* [Work item]:
Leaving pictures out, repeat word for word the line that has "Canon 5D Mark III + Canon EF 24-70mm f/2.8L" and each line that follows it to the end of the listing.

* [Input data]:
··········

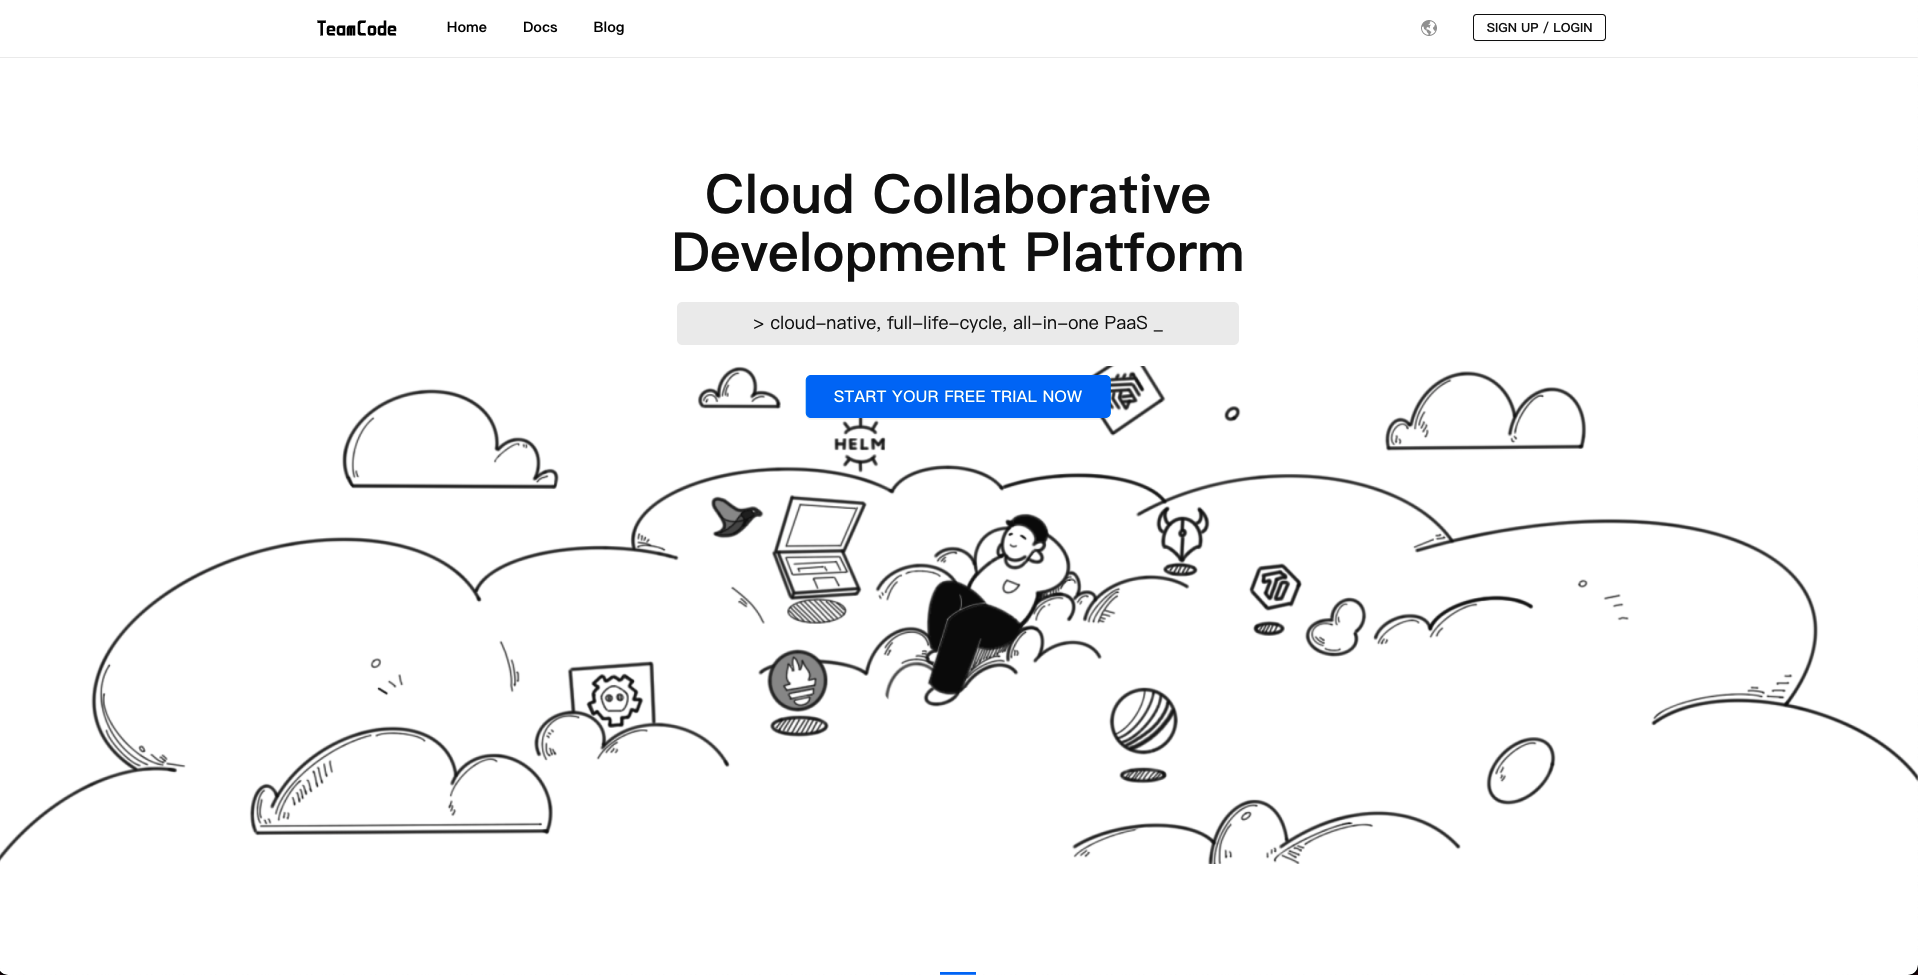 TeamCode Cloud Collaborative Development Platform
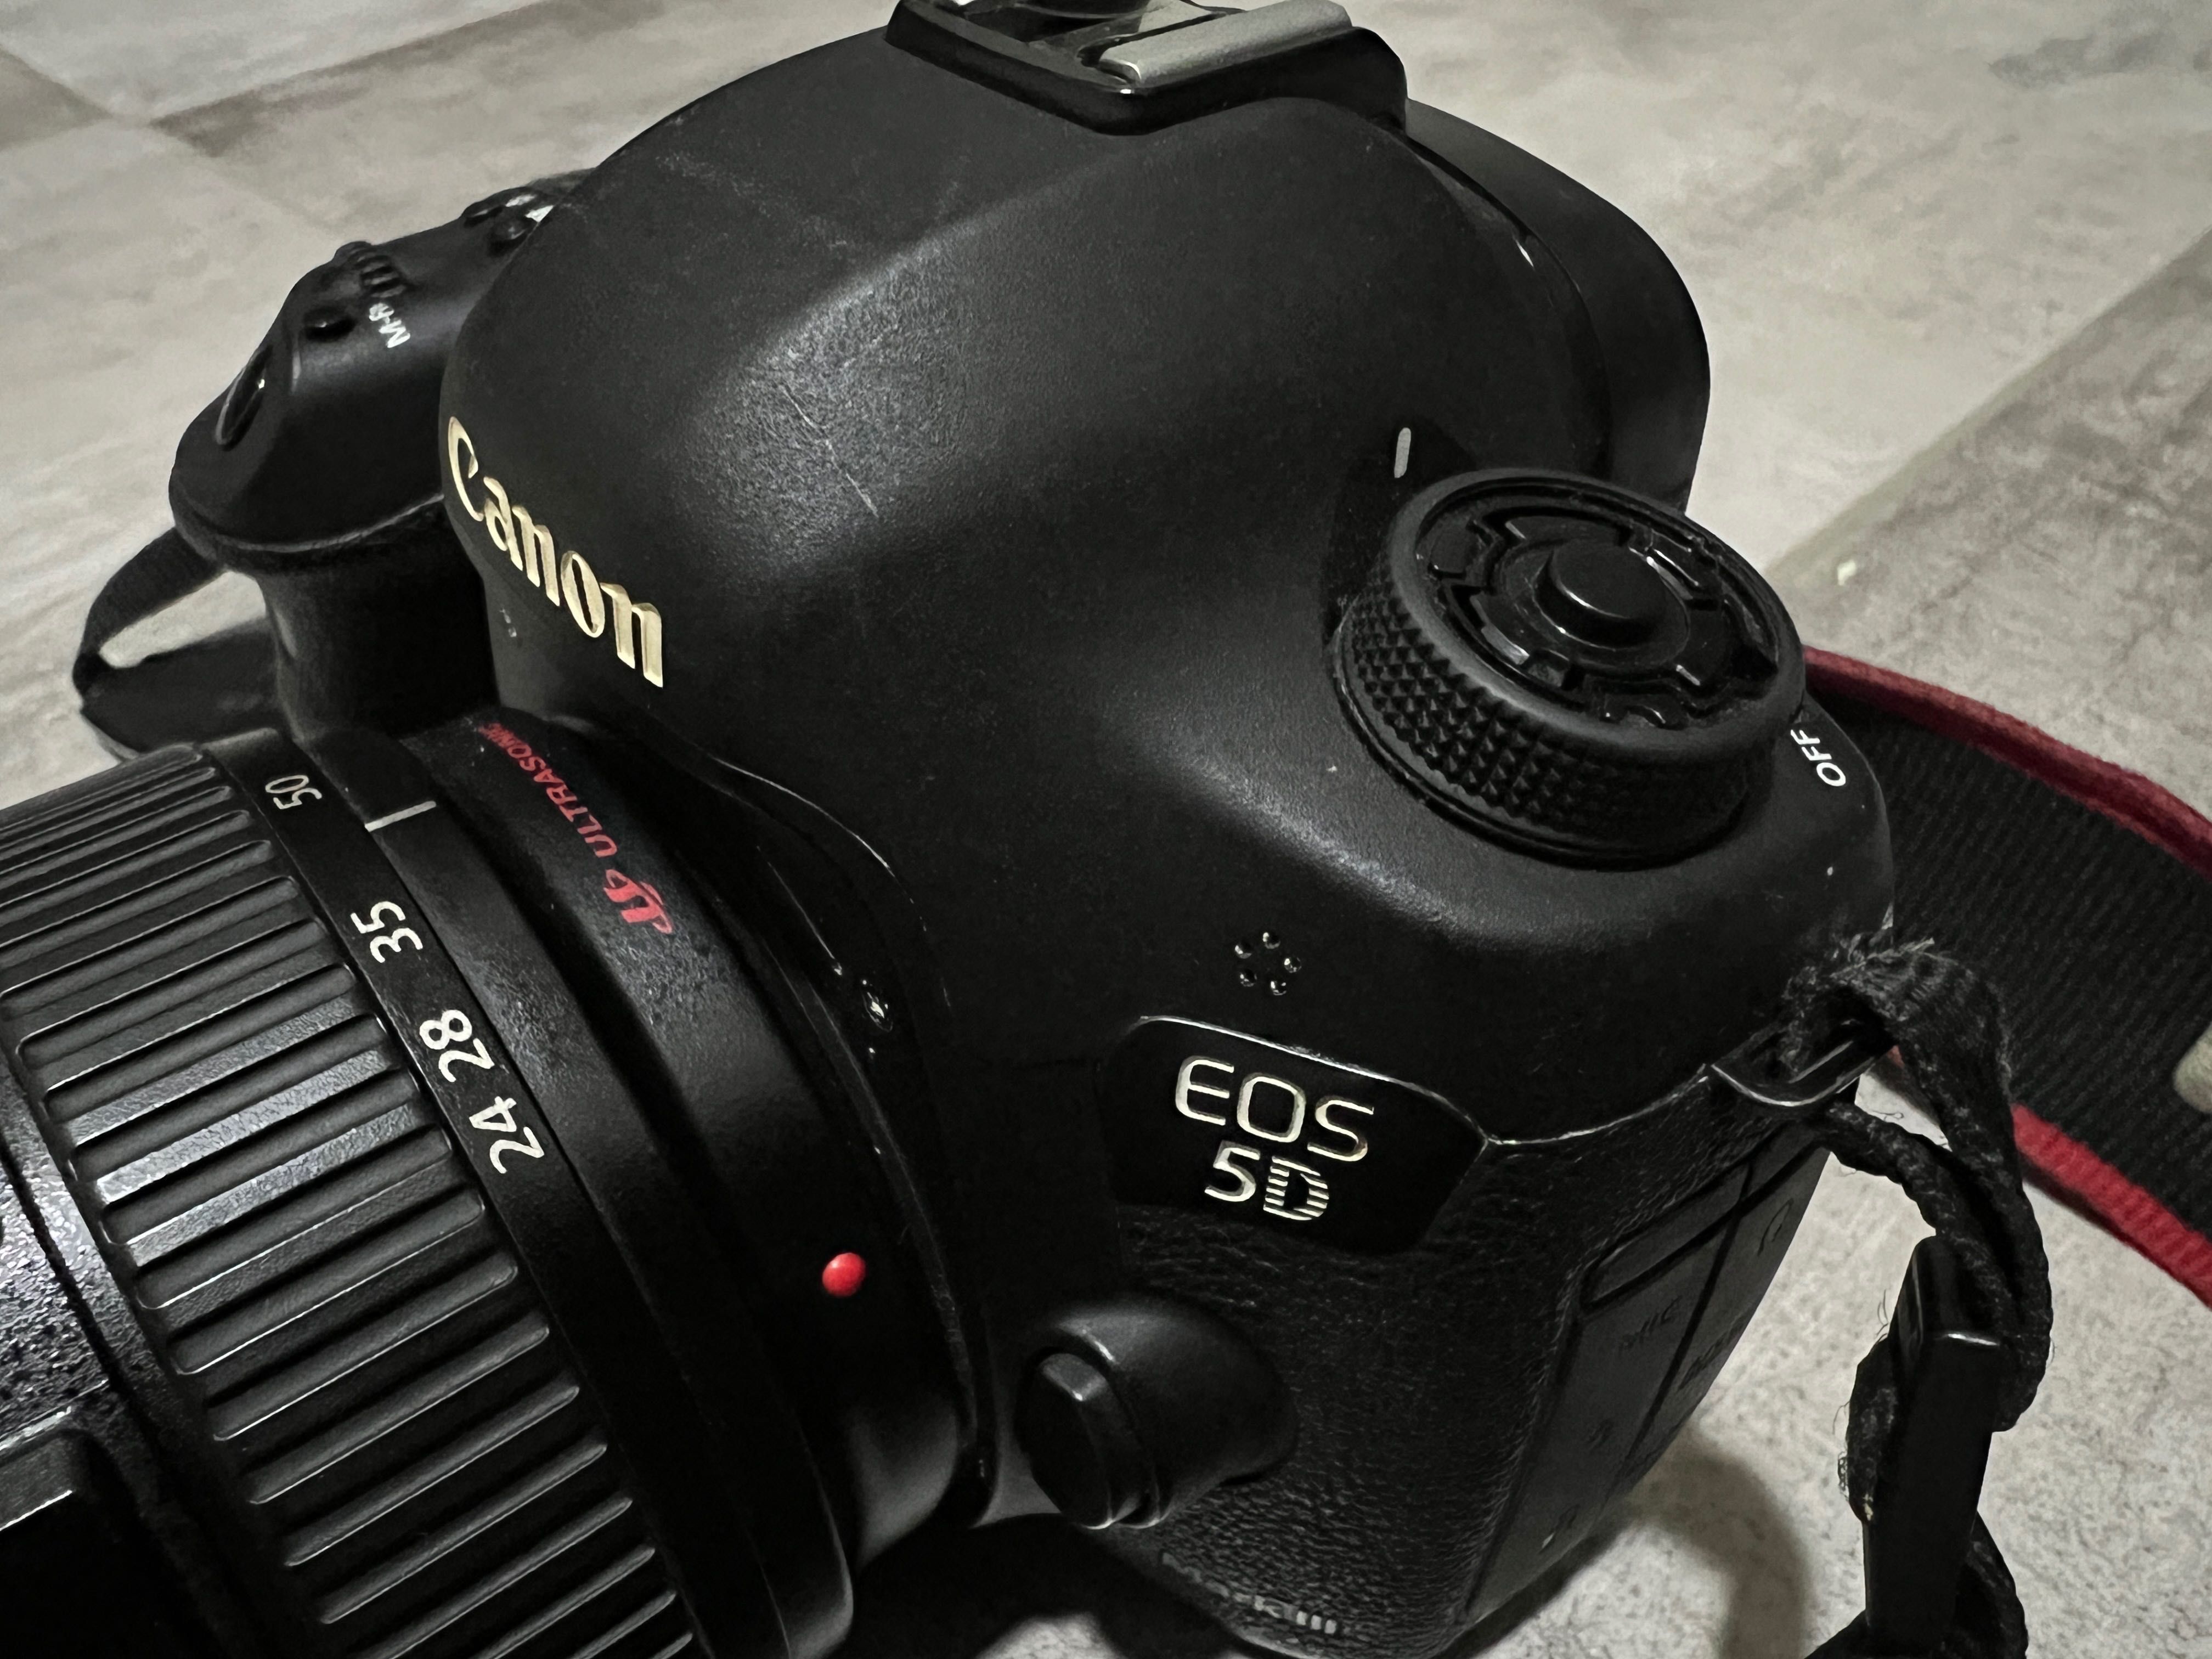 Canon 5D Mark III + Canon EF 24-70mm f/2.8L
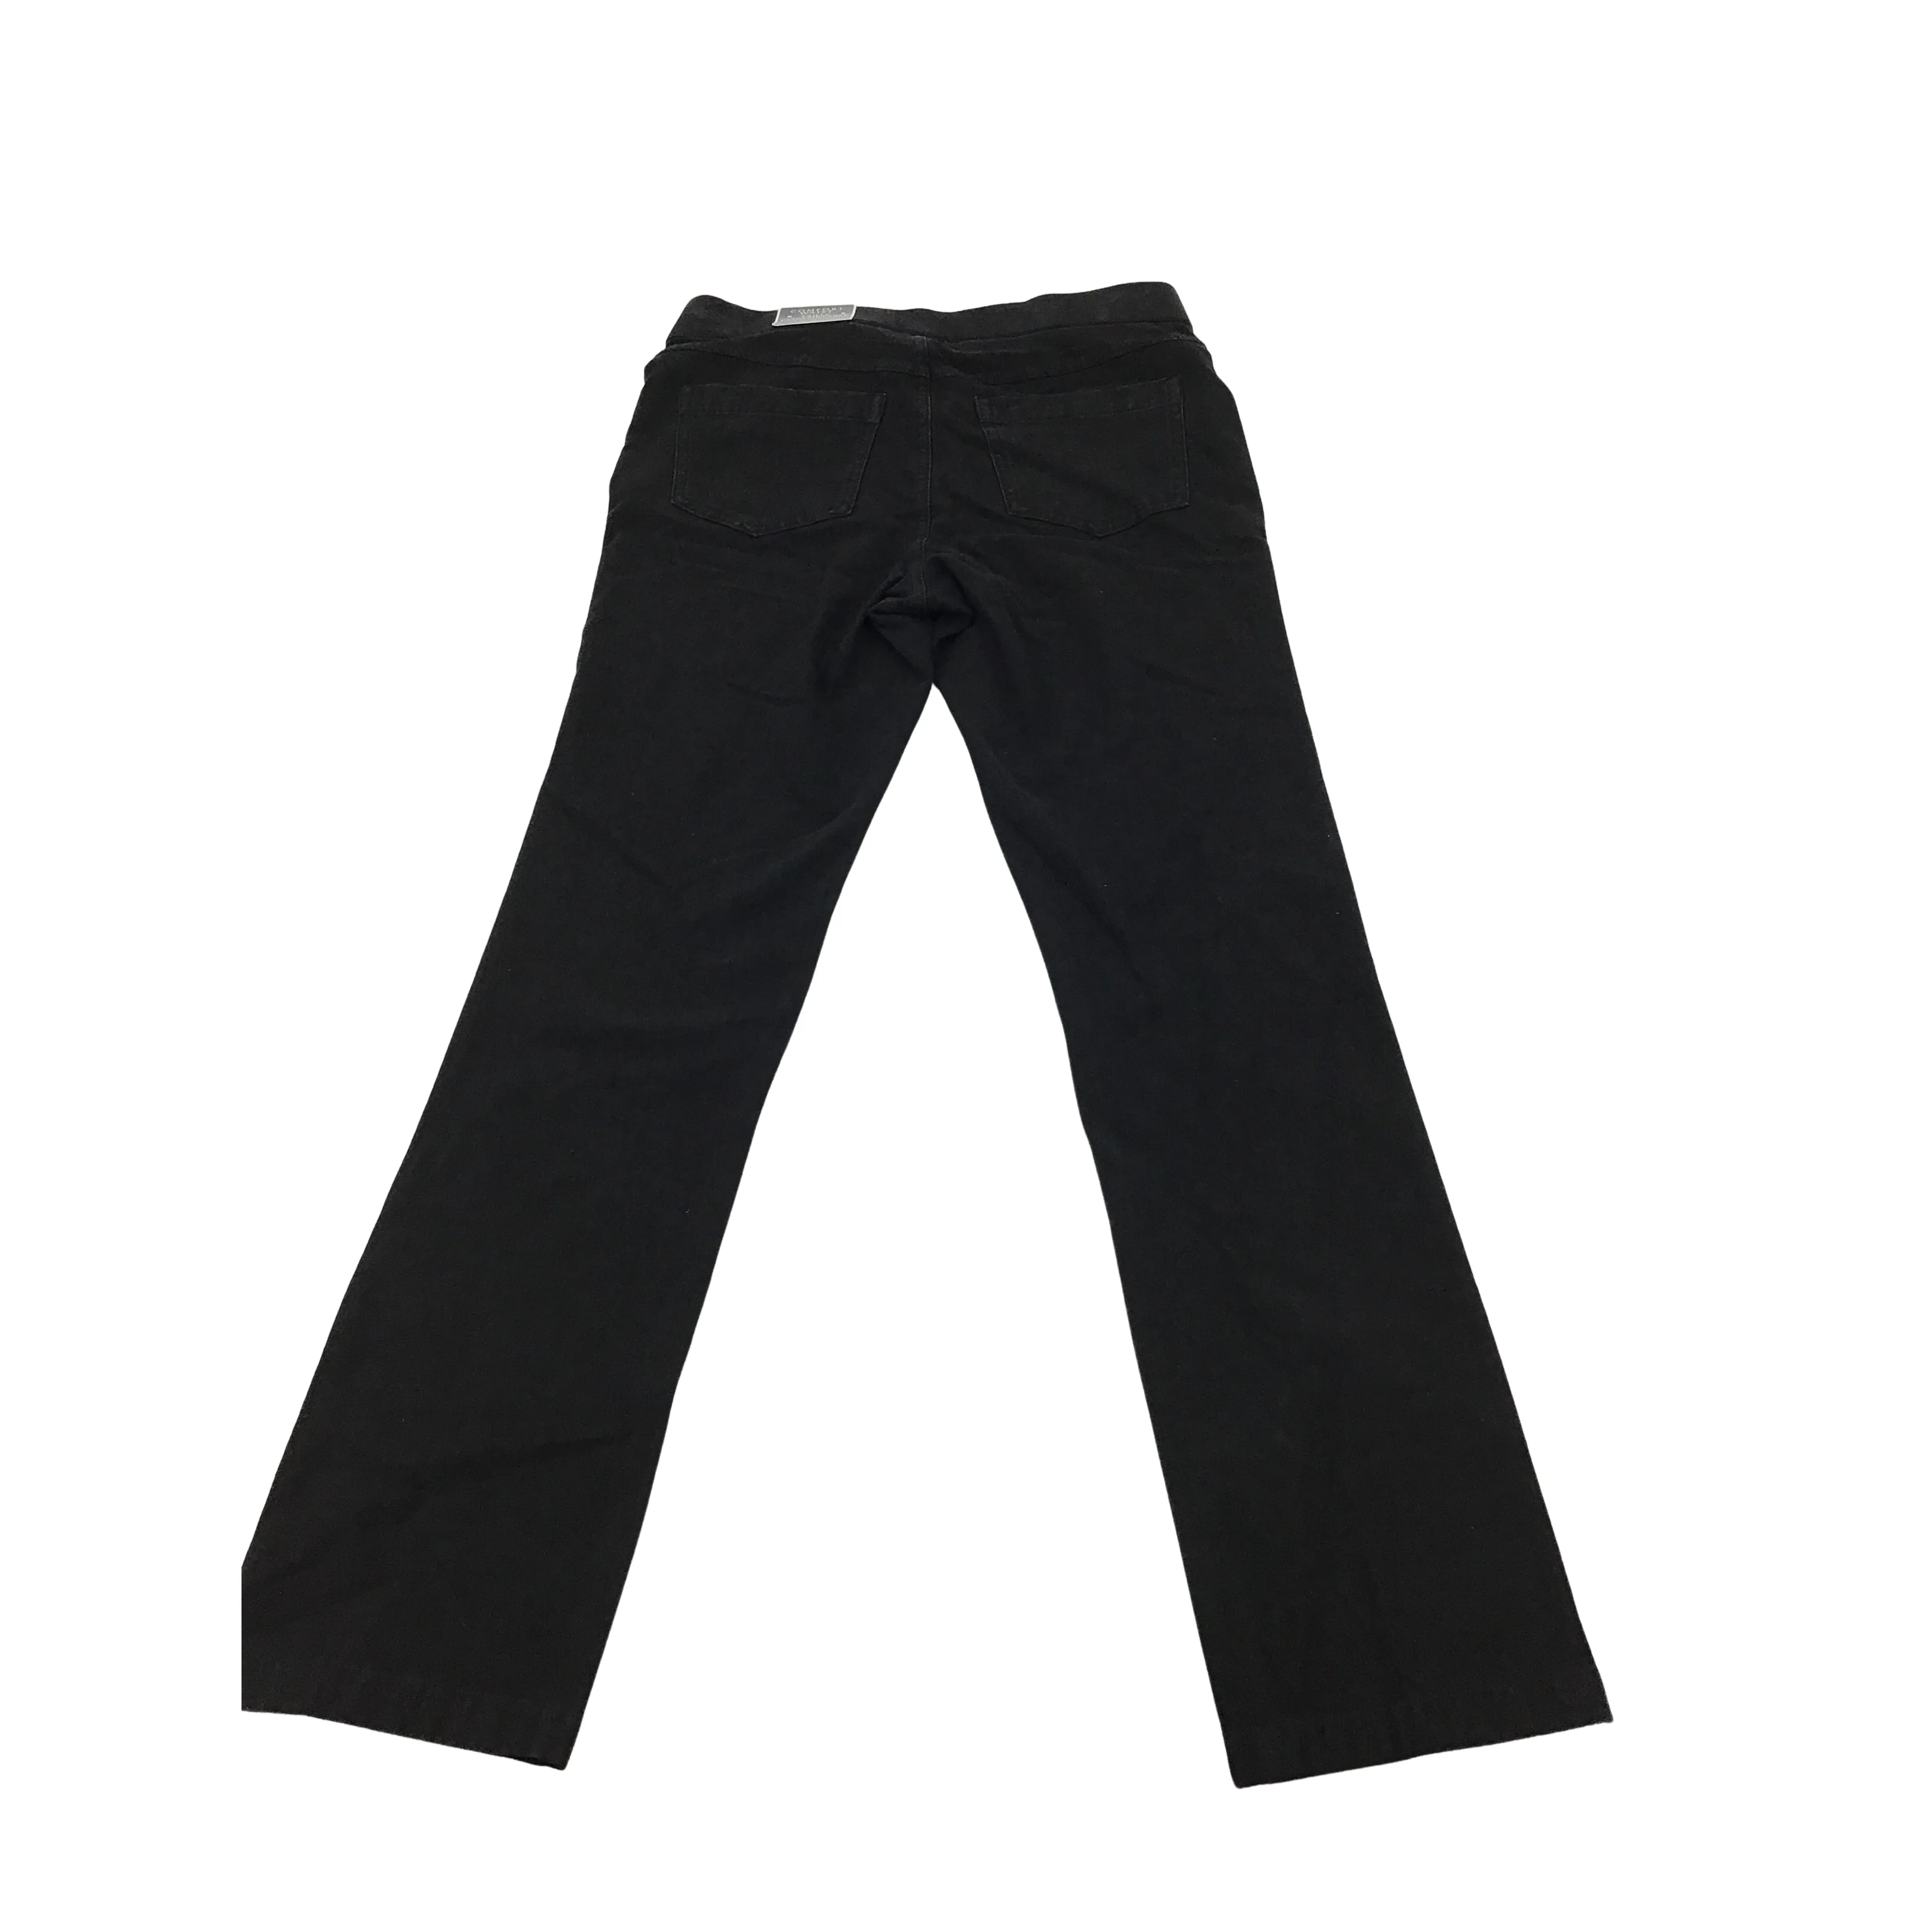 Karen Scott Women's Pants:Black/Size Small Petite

··········

* [Problem solution]:
 Canon 5D Mark III + Canon EF 24-70mm f/2.8L
 Karen Scott Women's Pants:Black/Size Small Petite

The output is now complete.